* Data to process *
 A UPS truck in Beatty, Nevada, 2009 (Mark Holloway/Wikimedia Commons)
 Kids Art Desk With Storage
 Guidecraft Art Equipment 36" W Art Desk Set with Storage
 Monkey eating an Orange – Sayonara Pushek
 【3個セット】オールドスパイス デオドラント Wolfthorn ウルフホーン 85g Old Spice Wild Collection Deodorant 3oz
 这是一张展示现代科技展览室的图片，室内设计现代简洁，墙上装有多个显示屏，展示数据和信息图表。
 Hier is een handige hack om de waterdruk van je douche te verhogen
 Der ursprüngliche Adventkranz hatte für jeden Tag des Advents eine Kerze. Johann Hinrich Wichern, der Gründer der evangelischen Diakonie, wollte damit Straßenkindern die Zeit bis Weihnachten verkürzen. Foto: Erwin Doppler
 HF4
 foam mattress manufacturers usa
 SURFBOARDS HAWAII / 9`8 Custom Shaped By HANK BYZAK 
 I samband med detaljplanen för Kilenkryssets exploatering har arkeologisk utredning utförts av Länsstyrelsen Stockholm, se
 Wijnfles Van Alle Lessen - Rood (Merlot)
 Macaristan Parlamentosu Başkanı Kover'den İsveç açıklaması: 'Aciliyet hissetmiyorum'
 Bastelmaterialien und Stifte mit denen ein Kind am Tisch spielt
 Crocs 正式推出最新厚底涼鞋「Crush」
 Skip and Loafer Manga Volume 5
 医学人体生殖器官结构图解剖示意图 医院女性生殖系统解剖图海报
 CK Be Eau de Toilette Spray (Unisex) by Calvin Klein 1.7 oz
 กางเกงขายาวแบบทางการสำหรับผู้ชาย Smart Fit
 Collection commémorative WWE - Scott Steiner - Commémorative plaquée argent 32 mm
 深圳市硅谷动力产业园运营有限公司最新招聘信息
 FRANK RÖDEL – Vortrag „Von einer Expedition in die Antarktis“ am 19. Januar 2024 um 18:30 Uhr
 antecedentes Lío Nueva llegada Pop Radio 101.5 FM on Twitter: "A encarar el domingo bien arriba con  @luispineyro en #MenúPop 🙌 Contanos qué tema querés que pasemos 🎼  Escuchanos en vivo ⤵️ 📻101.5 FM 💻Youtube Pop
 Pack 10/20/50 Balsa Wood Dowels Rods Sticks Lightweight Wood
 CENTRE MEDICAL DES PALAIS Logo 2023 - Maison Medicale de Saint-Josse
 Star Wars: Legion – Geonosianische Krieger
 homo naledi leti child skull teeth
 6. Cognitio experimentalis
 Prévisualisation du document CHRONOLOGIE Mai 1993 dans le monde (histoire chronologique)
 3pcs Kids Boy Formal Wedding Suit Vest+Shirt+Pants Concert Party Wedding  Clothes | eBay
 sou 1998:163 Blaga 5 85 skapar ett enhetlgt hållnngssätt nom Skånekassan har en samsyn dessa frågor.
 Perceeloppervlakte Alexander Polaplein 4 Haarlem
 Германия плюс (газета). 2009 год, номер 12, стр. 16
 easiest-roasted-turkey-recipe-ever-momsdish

* Your assignment *
In the entries above, which lines hold the string "Kids"? Report all of them.

* Answer to this exercise *
 Kids Art Desk With Storage
 3pcs Kids Boy Formal Wedding Suit Vest+Shirt+Pants Concert Party Wedding  Clothes | eBay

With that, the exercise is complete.